Así, el encuentro con Jesucristo y la dinámica del encuentro con el otro nacen de una experiencia dinámica de testimonio. Otros son los que nos contaron sobre Jesús. Hemos recibido la fe en Jesús por tradición. Le hemos creído a la comunidad apostólica y a la comunidad postapostólica inmediatamente posterior, los cuales tuvieron la experiencia del acontecimiento de Cristo y de la recepción de su buena noticia. La eclesiología del testimonio siempre es de otro. El Papa Francisco nos dice que “el verdadero misionero, que nunca deja de ser discípulo, sabe que Jesús camina con él, habla con él, respira con él, trabaja con él. Percibe a Jesús vivo con él en medio de la tarea misionera” (EG 266).

El testimonio debe ser una característica del discípulo misionero, laico y consagrado, a la vez que representa una de las renovaciones dentro de la eclesiología fundamental (eclesiología fundamental como testimonio). No evangelizamos anunciándonos a nosotros mismos porque ello sería vivir una Iglesia autoreferencial, centrada en sí misma. Los creyentes anunciamos a Jesucristo que camina gracias a su Espíritu en medio de nuestra historia. La importancia de la espiritualidad y de la conciencia eclesiológica del martirio – testimonio, implica dejar que Cristo actúe a través de nuestras palabras y acciones de manera que podamos irradiar su amor salvador. Gracias a dicha irradiación graciosa, otros podrán encontrarse con Él. Es por ello que Aparecida habla del testimonio de los discípulos misioneros que gracias al encuentro con Jesucristo son capaces de anunciar (evangelización y misión) a todos los pueblos la vida abundante que de Él han recibido. El testimonio está sostenido por el Espíritu Santo, de manera que ese mismo Espíritu sea el que conduzca a la verdad completa (Cfr. Jn 14,6) a los que han y hemos optado vitalmente por Jesús de Nazaret y por su proyecto del Reino de Dios.

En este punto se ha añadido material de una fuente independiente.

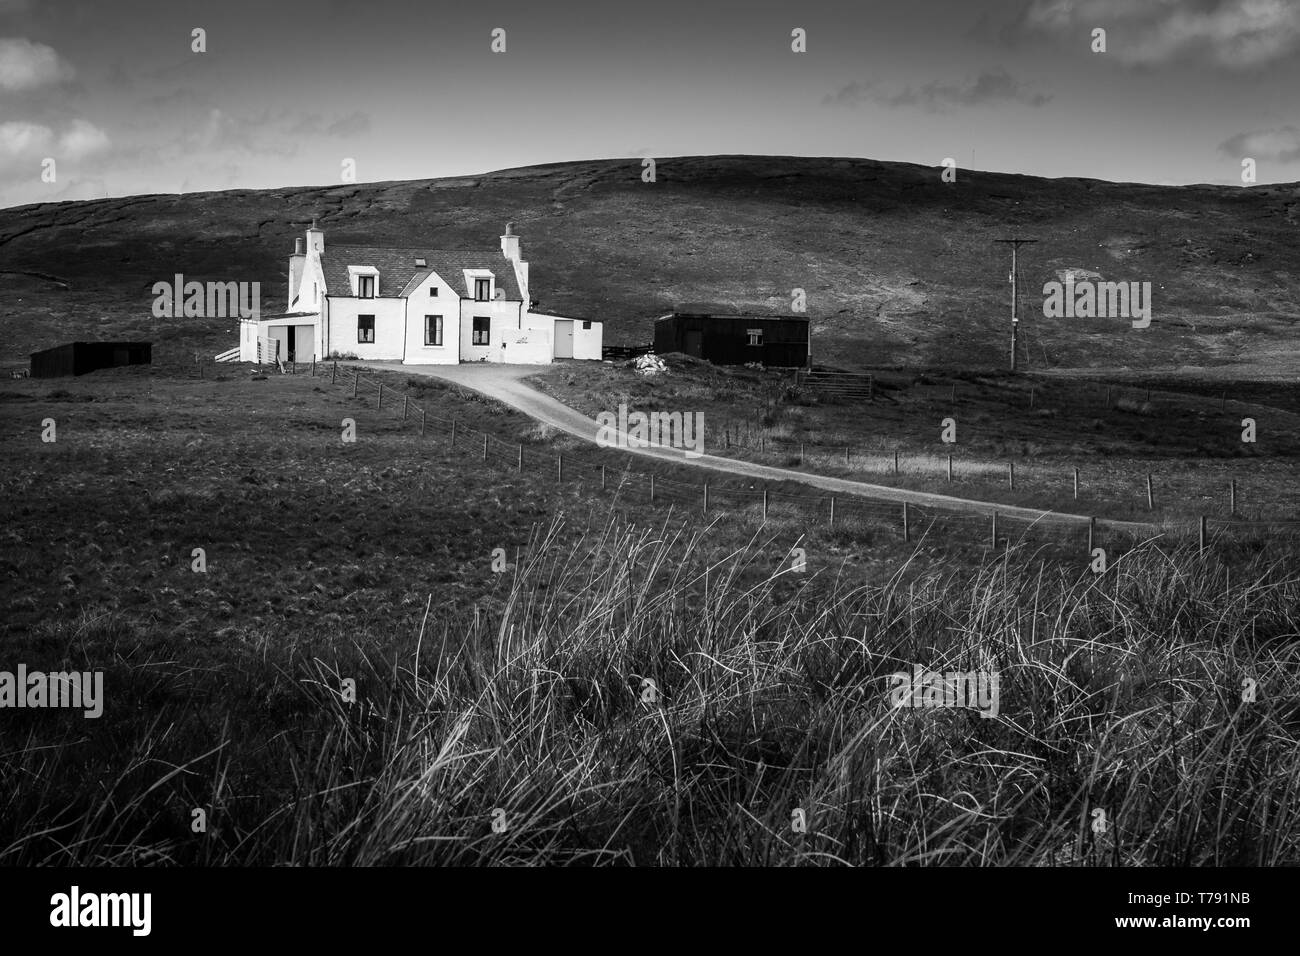 Accueil à distance dans les îles Shetland, au nord de l'Écosse, au Royaume-Uni. Banque D'Images

Los laicos estamos llamados a ser testimonio vivo de una Iglesia que es como un sacramento, que es signo visible de la salvación que Cristo ofrece con la irrupción del Reino en nuestras historias cotidianas (Cf. Lumen Gentium 1). Aparecida nos invita a renovar nuestra adhesión al proyecto discipular y misionero de Jesús de Nazaret. Pero para lograr esto, Aparecida recuerda, y yo me sumo conscientemente a sus palabras, que se necesita de nuestros pastores “una mayor apertura de mentalidad para que entiendan y acojan el ser y el hacer del laico en la Iglesia, quien por su bautismo y su confirmación es discípulo misionero de Jesucristo. En otras palabras, es necesario que el laico sea tenido muy en cuenta con un espíritu de comunión y participación” (DA 213). Se han dado pasos grandes en este aspecto, pero es necesario dar otros. Los laicos hemos de superar el clericalismo que ha sido condenado tantas veces por Francisco. Hay presencia del Espíritu en nuestras acciones y dicha presencia nos lleva a dar testimonio y a construir una Iglesia corresponsable y participativa.

Juan Pablo Espinosa Arce

Profesor de Religión y Filosofía – UC del Maule  –  Chile.